I love convenience only slightly less than getting what I want
I went to a new grocery store yesterday. And I ended up hating it. Which was kind of unexpected. It was significantly bigger than the one I have been frequenting. It was fancier. I drove farther to get there. The parking lot was packed. I had high hopes. But in the end, it was just really frustrating.
Both the meat and frozen vegetable selections were bigger, but didn’t have the things I specifically wanted. The produce was no better, but noticeably more expensive and several things I needed were sold out. The layout was confusing and sprawling, and frankly, a little maddening. And in the end, the smaller grocery store closer to me is the owned by the same company as my local grocery store in my Chicago suburb neighborhood. So I already have a discount account for it, unlike the big fancy one.

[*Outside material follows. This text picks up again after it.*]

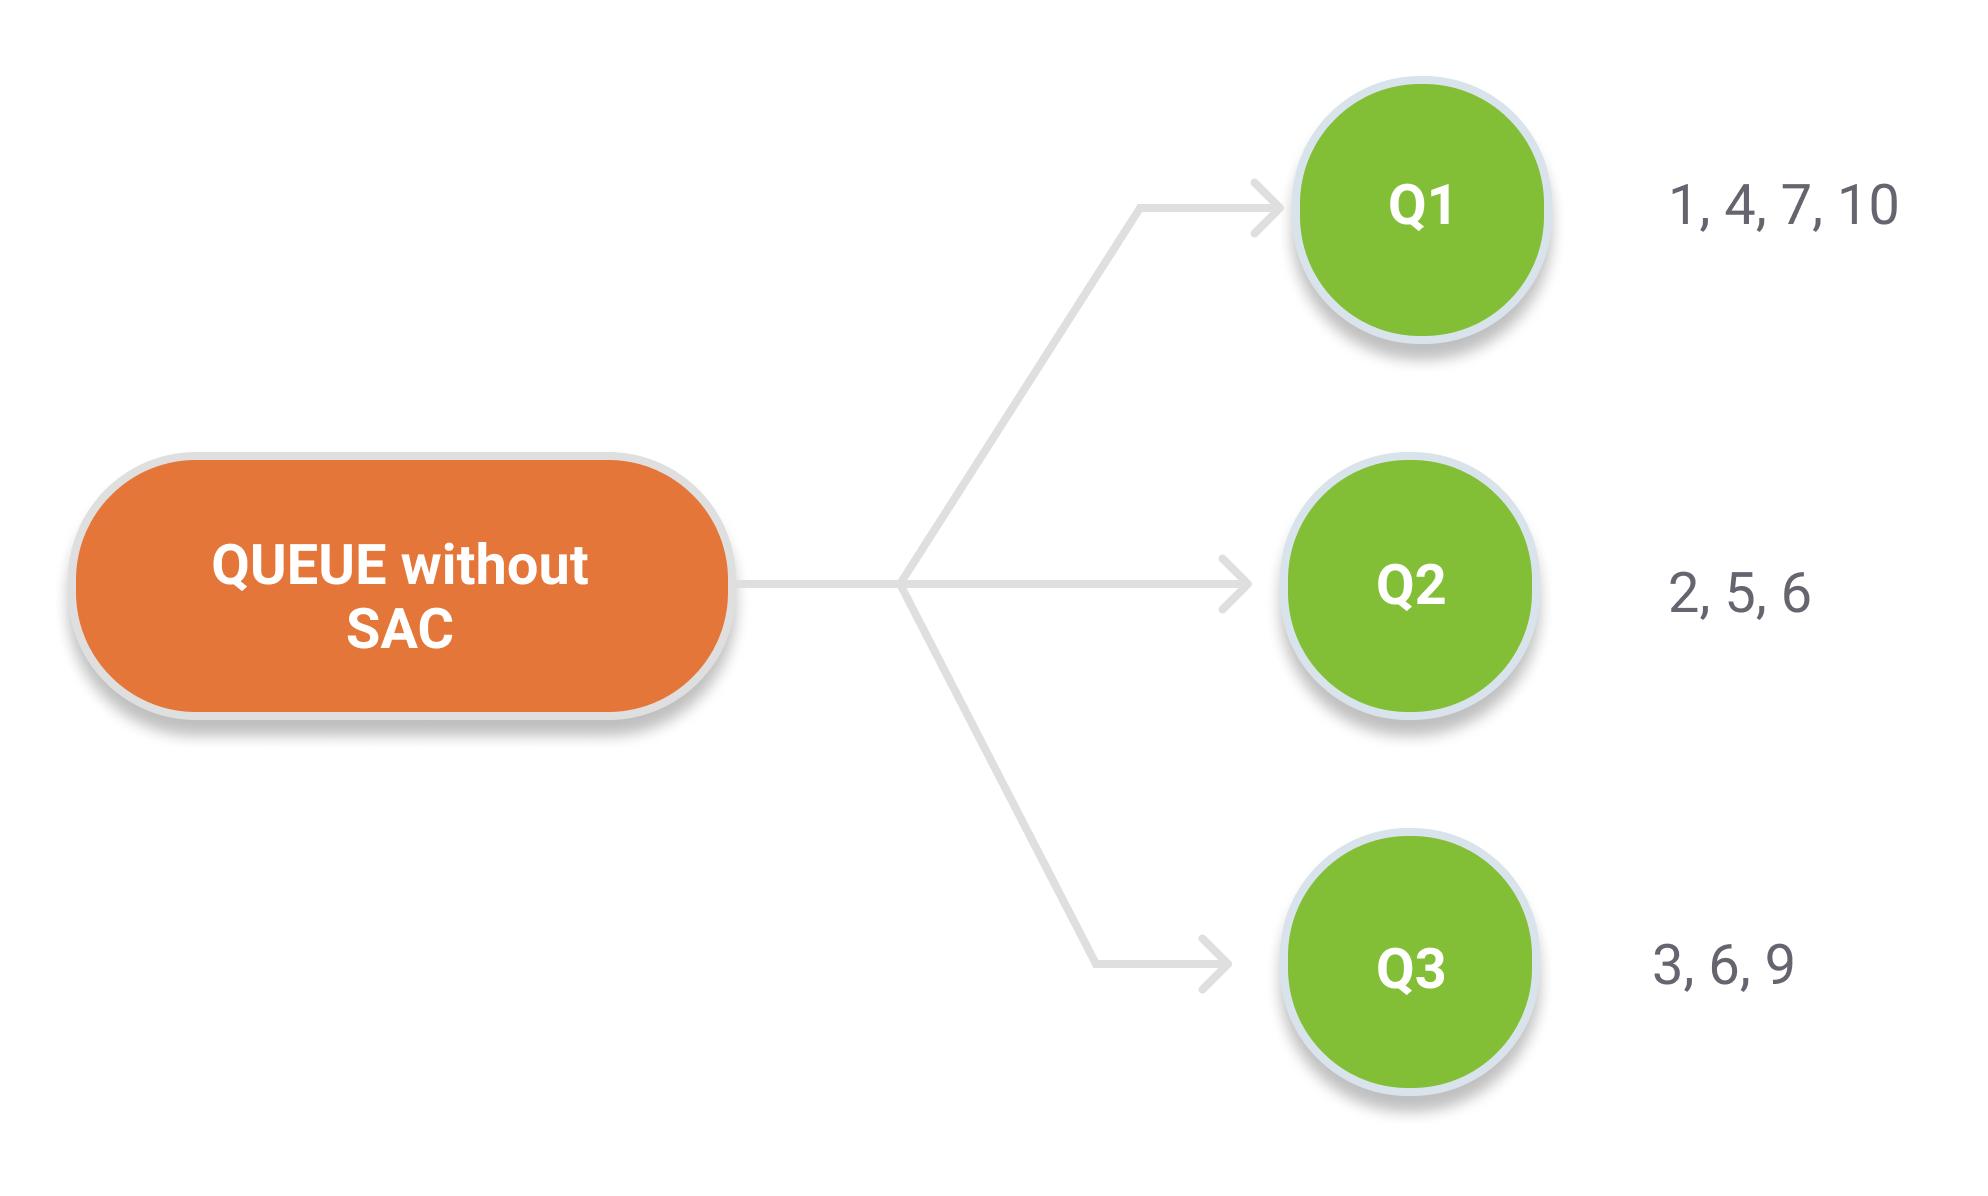 RabbitMQ 3 8 Feature Focus - Single Active Consumer - CloudAMQP

But there were actually 2 things I wanted that I can’t find at the closer store. My very favorite yogurt, and fresh half sour pickles. So that means I will almost certainly stop by that grocery store every couple of weeks to stock up on them.
Because I love convenience. But not as much as I love getting what I want. Especially when it comes to food.
I eat within my eating boundaries. I am fastidious. But I can be because I don’t feel deprived. I am not struggling against a diet. I am not struggling at all. And part of not feeling deprived and not struggling is giving myself those things I have the power to give. And fancy yogurt and fancy pickles are definitely in that category.